Using NAMD, I want to simulate aquaporin channel in POPC membrane. To induce the water flow, pressure difference across the membrane is needed. I am stuck with this point. Could you please suggest how to do it?
Actually using PBC You cant just use higher pressure on one side of membrane. Recently I heared a conference talk, where guy did it by putting two membranes in system - obtained a kind of pseudo-liposome where water pressure between two membranes was higher than outside.
With NAMD you can apply all kinds of custom forces. I am sure you can solve this with TclForces there, but i think the NAMD mailing list if much more appropriate for those questions.
Anyhow, isn't it that diffusion through aquaporins is so fast that it does not need external forces?
see http://www.sciencemag.org/content/294/5550/2353.full.pdf
Yes, the suggestion by Jan Majta can work. Create a two-system bilayer (POPC with aquaporin) and DMPC, for instance. Then, apply a pull force between both bilayers, reducing DMPC distance to POPC. The water layer between both bilayers will be slightly higher, probably enough to force water to pass through the aquaporin.

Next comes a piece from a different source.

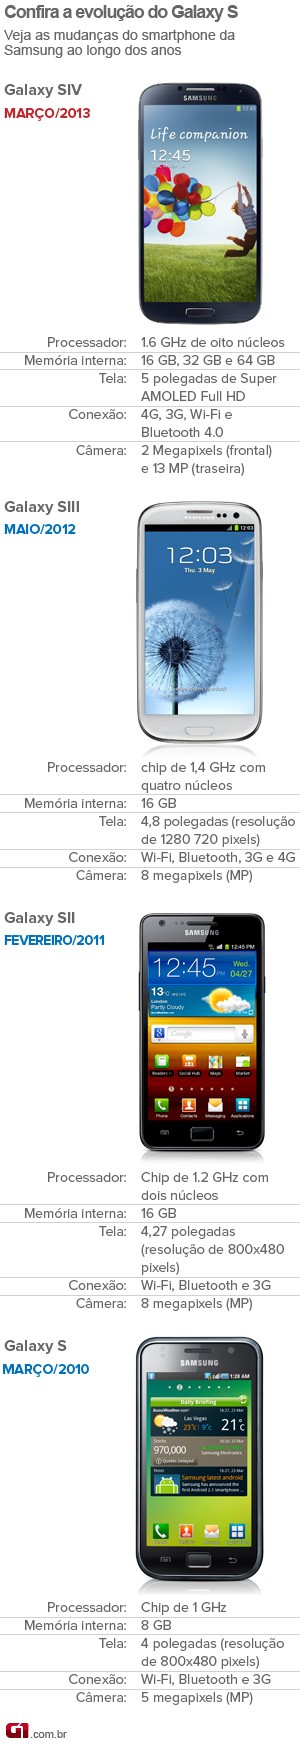 Confira a evolução do smartphone Galaxy S (Foto: Arte/G1)
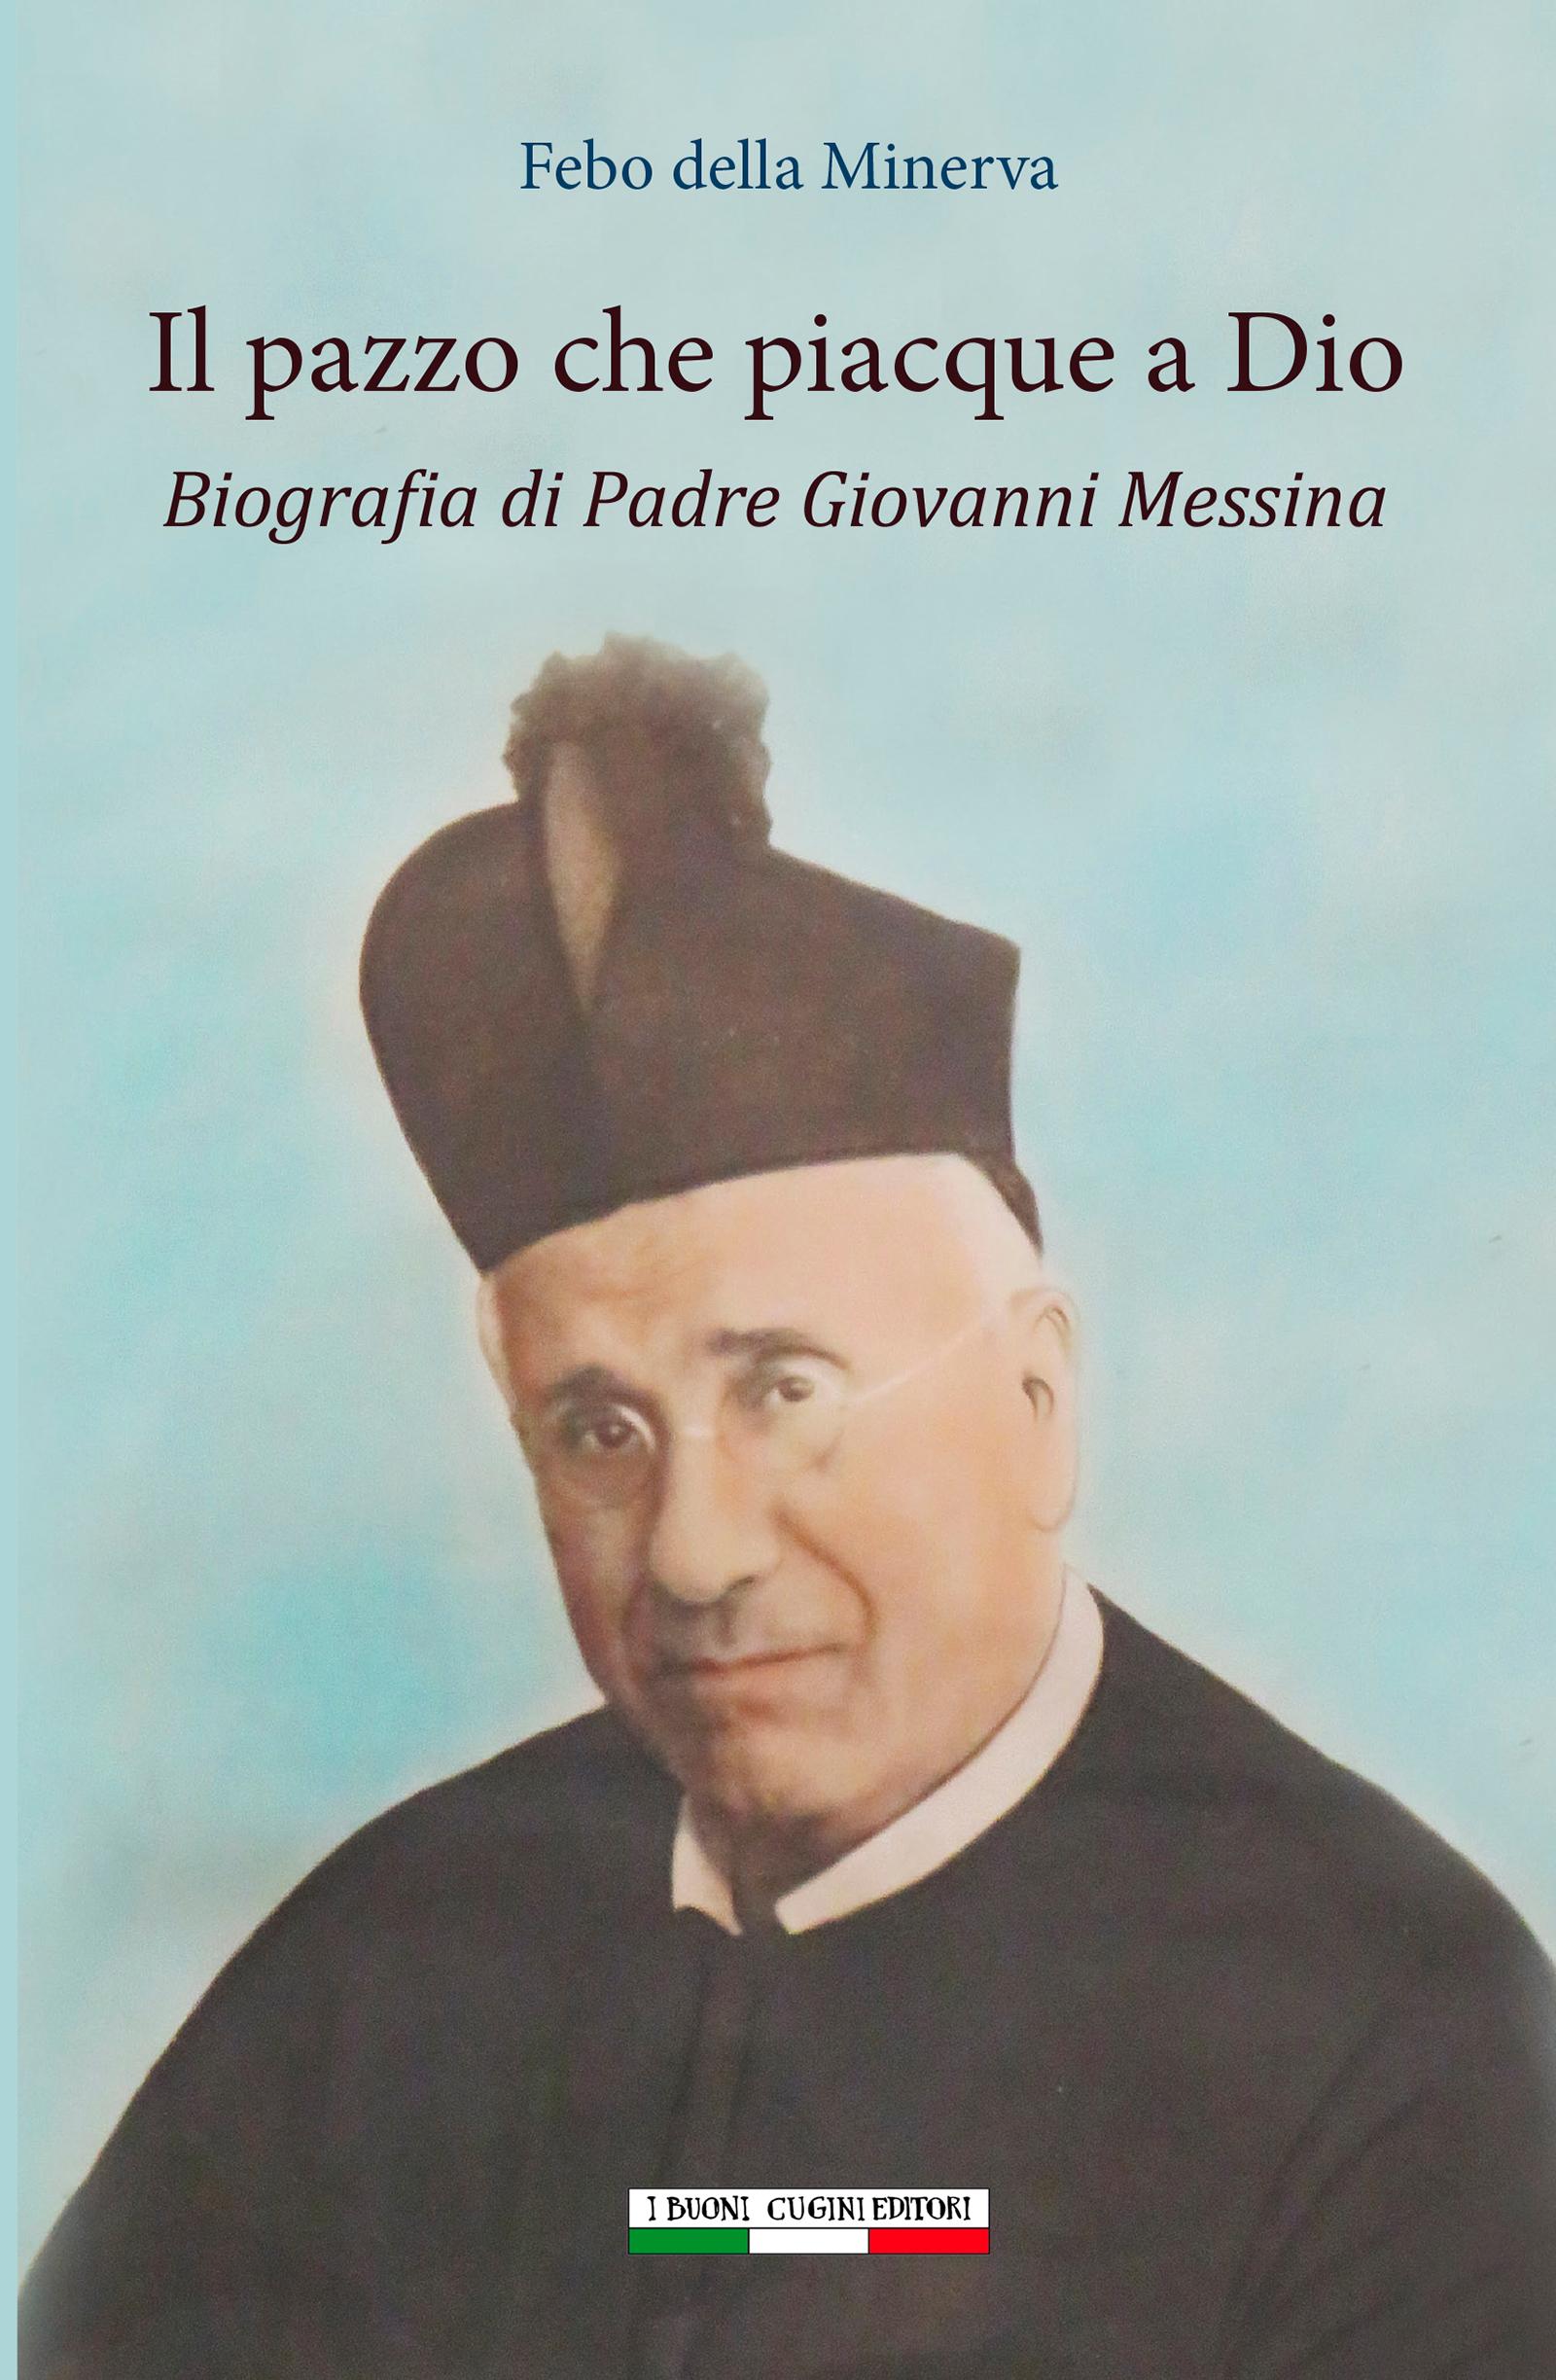 Febo Della Minerva: Il pazzo che piacque a Dio. Biografia di padre Giovanni Messina

Here You got a paper where a guy created a transmembrane potential with a similar two-layer method. Also You can search for discussion of artifacts happening while applying implicite potencial.
Build your system with AQP embedded in the membrane. Equilibrate as needed. Then use steered molecular dynamics to pull a water molecule through the channel. Once you get it started, water will move through AQP readily. There is no need for a two bilayer system, nor would using one achieve what you are trying to do.